These accusations come amid a damning report to local lawmakers that revealed Los Angeles saw a 16 percent increase in its homeless population over last year – soaring to more than 36,000 people living on the streets and landing a blow to Los Angeles Mayor Eric Garcetti and other city officials working to add more affordable housing and social services. Overall in the bigger Los Angeles County, the homeless population rose 12 percent compared with last year’s count, bringing the total population to almost 59,000.
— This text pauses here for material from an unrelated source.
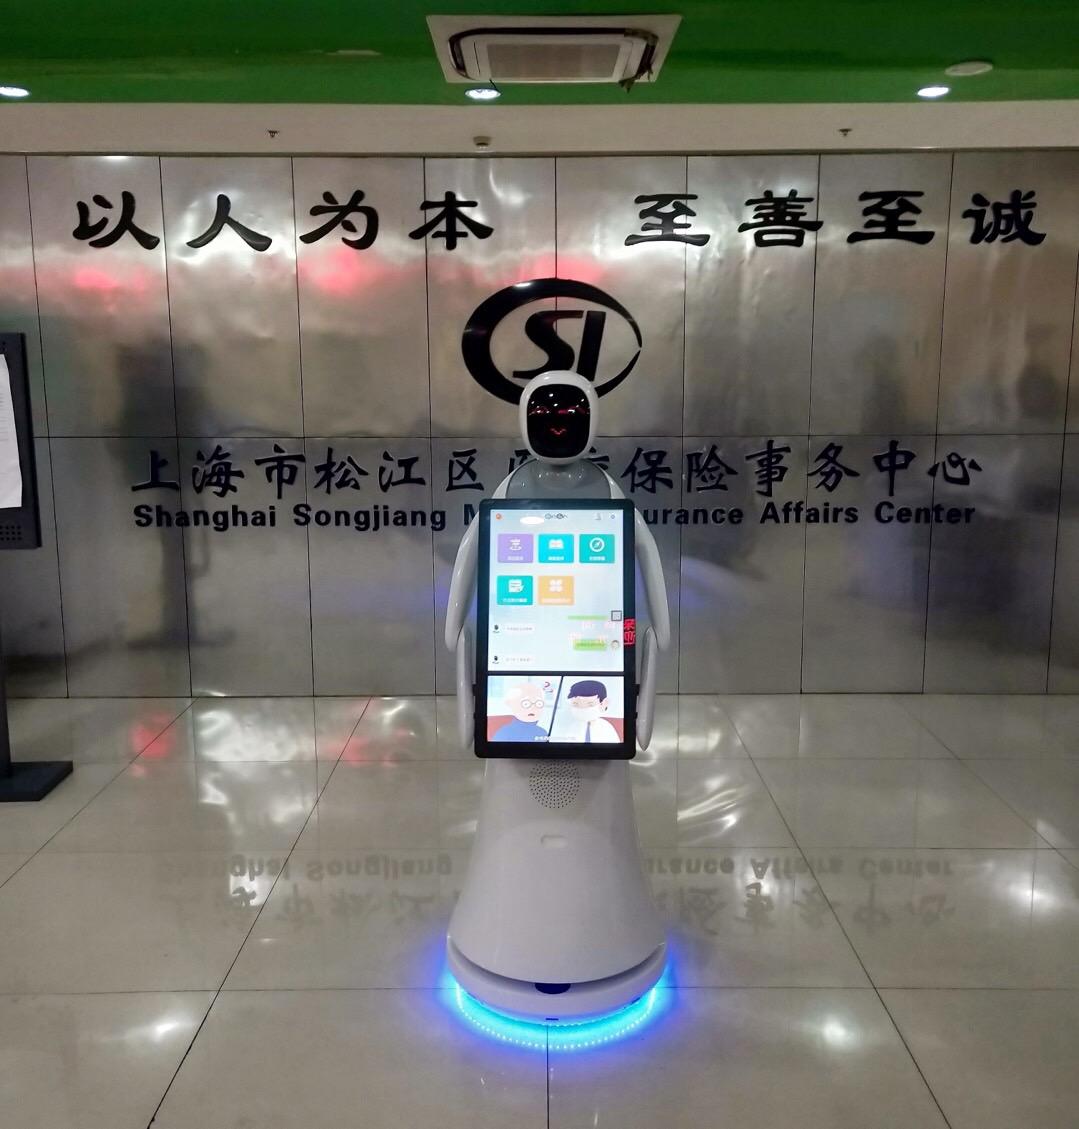 贵州直销行政服务机器人 创造辉煌 昆山新正源机器人智能科技供应

“We came down here from Santa Barbara because there are more opportunities for work and it seems like there is more support here,” Lauri, a home care worker who recently lost her job and home after the company she worked for went out of business, told Fox News. She added that she and her partner, Cory, have only been living on the streets for a week, but that it will be tough getting back on their feet.
“It’s tough to even get a job interview when you’re living out of a tent,” said Cory, who previously worked as a personal trainer. “I have nowhere to shave or clean myself or iron my clothes.”
Some Los Angeles officials point to the disparity in the number of homeless living in the city as compared with the rest of the county as evidence that neighboring towns are pushing the homeless out of their communities and across the city boundaries. While L.A.’s population of around 4 million people makes up only about 38 percent of the county’s total population, the roughly 36,000 homeless people living in the city account for 61 percent of Los Angeles County’s overall homeless population.
“All things being equal, the numbers just don’t add up,” Kvartuc said.